**Problem statement:**
Among the entries below, one line contains "igarden アイガーデン 枕木 ブラック 210cm3本セット アイウッド人工木製" and another contains "Europeo quadrato Zircone". Transcribe those two lines and every line between them, exactly.

**Records for this exercise:**
----------------

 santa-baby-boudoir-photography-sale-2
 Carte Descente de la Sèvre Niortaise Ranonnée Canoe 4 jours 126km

----------------

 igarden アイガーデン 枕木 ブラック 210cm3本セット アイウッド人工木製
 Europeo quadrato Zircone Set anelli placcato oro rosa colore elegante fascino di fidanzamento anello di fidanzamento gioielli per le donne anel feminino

----------------

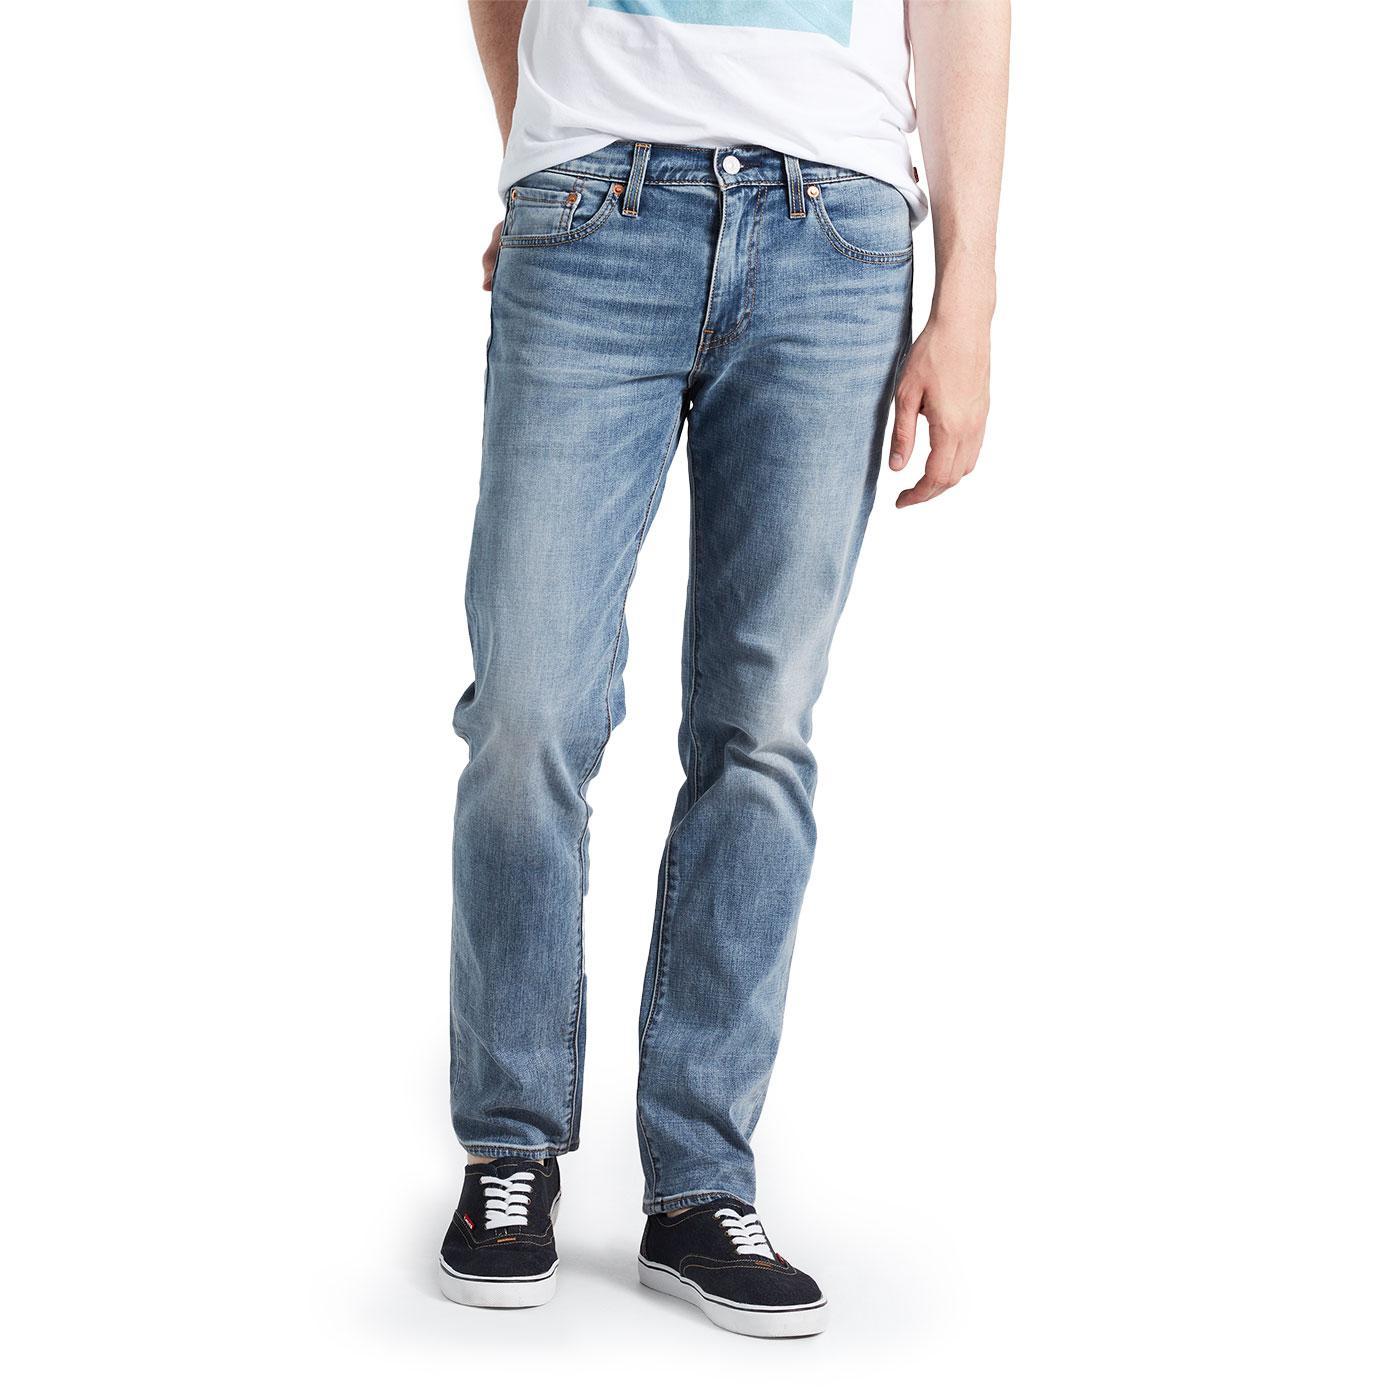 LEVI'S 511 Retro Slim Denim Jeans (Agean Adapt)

----------------

**Solved exercise:**
 igarden アイガーデン 枕木 ブラック 210cm3本セット アイウッド人工木製
 Europeo quadrato Zircone Set anelli placcato oro rosa colore elegante fascino di fidanzamento anello di fidanzamento gioielli per le donne anel feminino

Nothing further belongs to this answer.